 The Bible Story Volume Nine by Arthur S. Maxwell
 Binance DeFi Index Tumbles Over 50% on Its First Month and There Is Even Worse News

——————

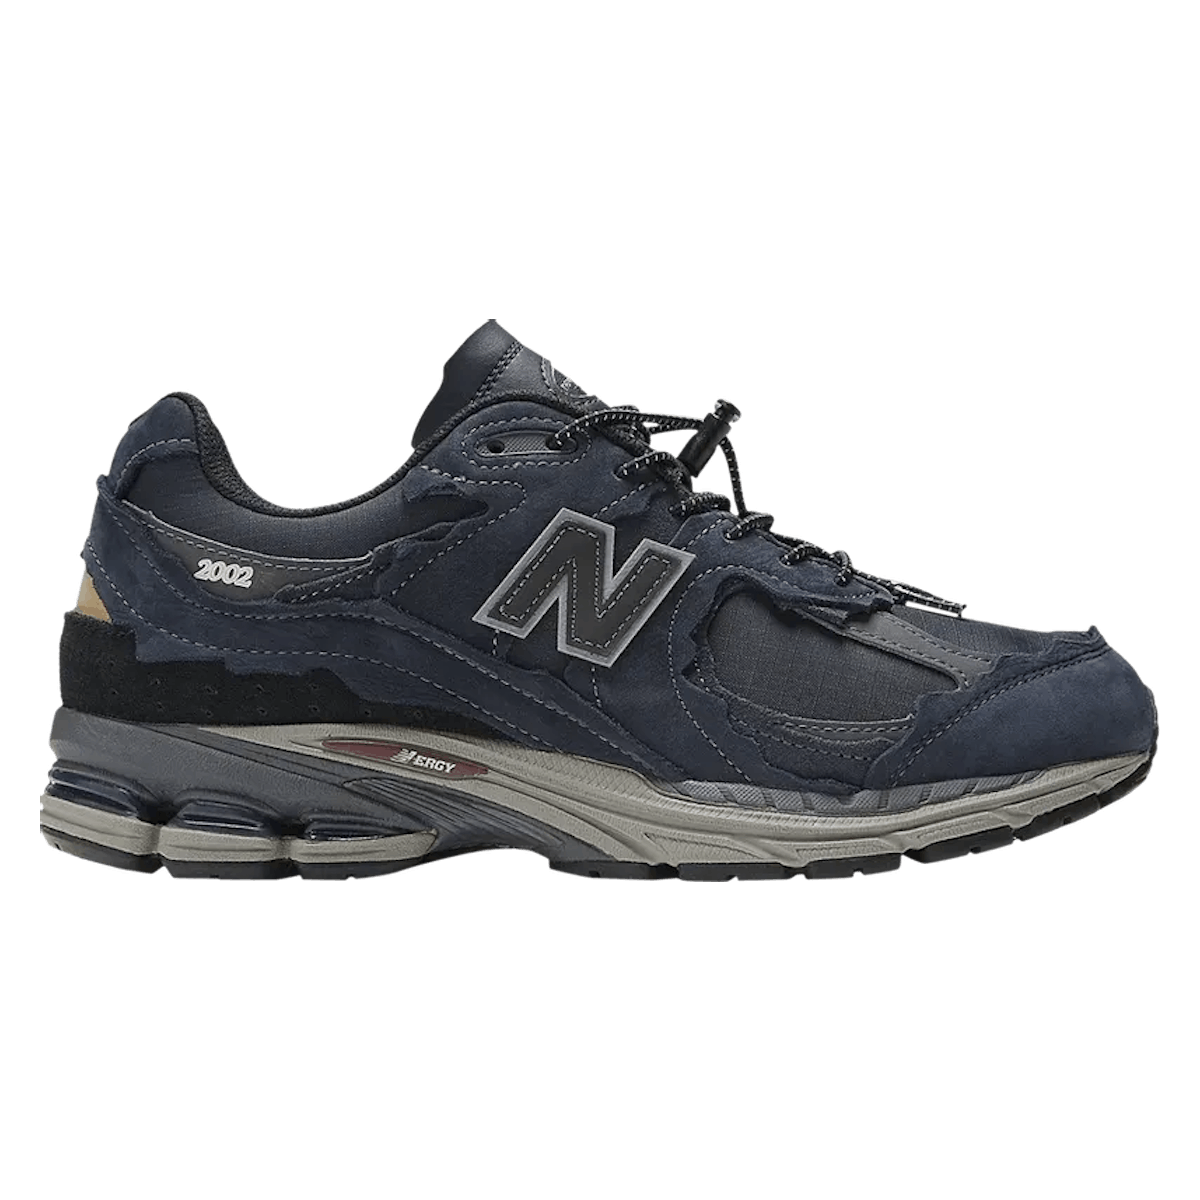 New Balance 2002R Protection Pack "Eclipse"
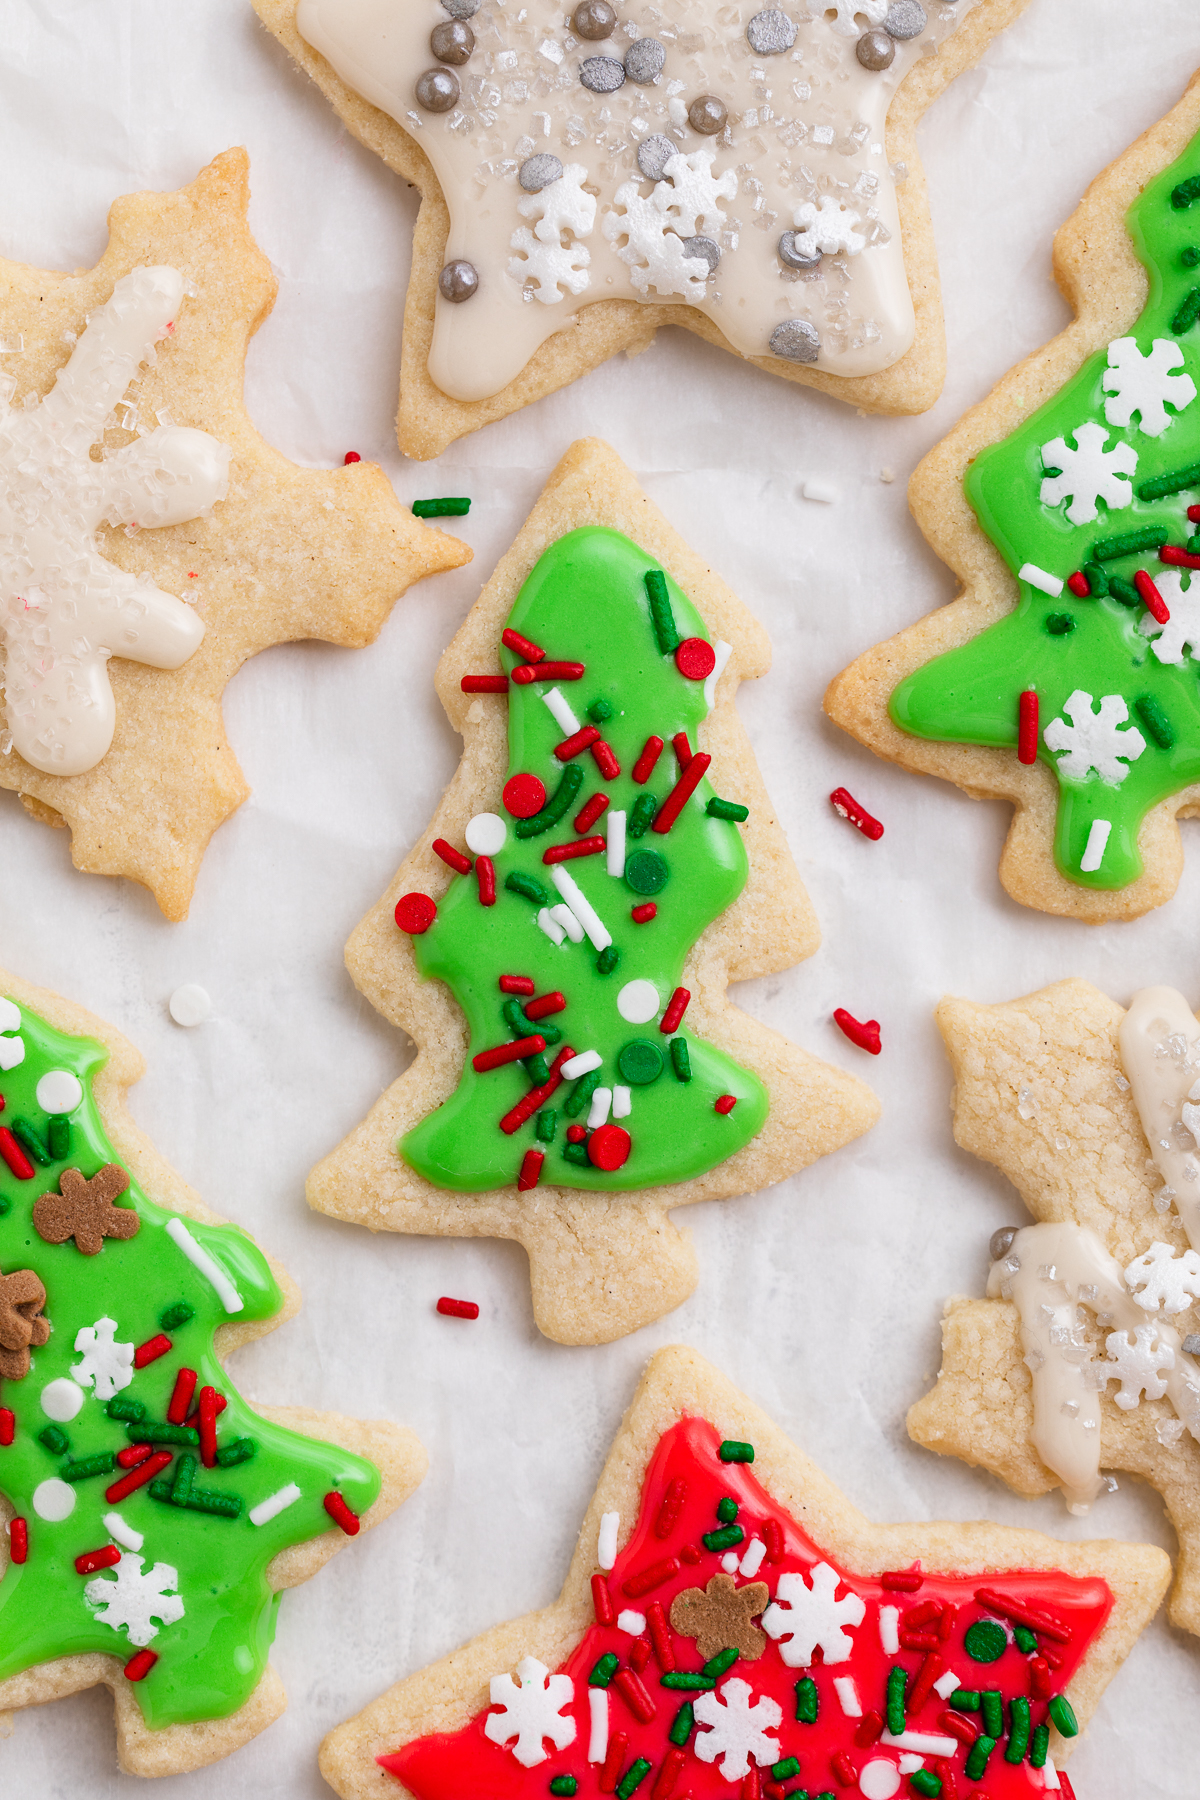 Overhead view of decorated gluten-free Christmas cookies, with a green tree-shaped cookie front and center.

——————

Out of the data above, give again only the lines starting at the one holding "The Bible Story" and ending at the one holding "Binance DeFi Index", unchanged.

:: Output below ::
 The Bible Story Volume Nine by Arthur S. Maxwell
 Binance DeFi Index Tumbles Over 50% on Its First Month and There Is Even Worse News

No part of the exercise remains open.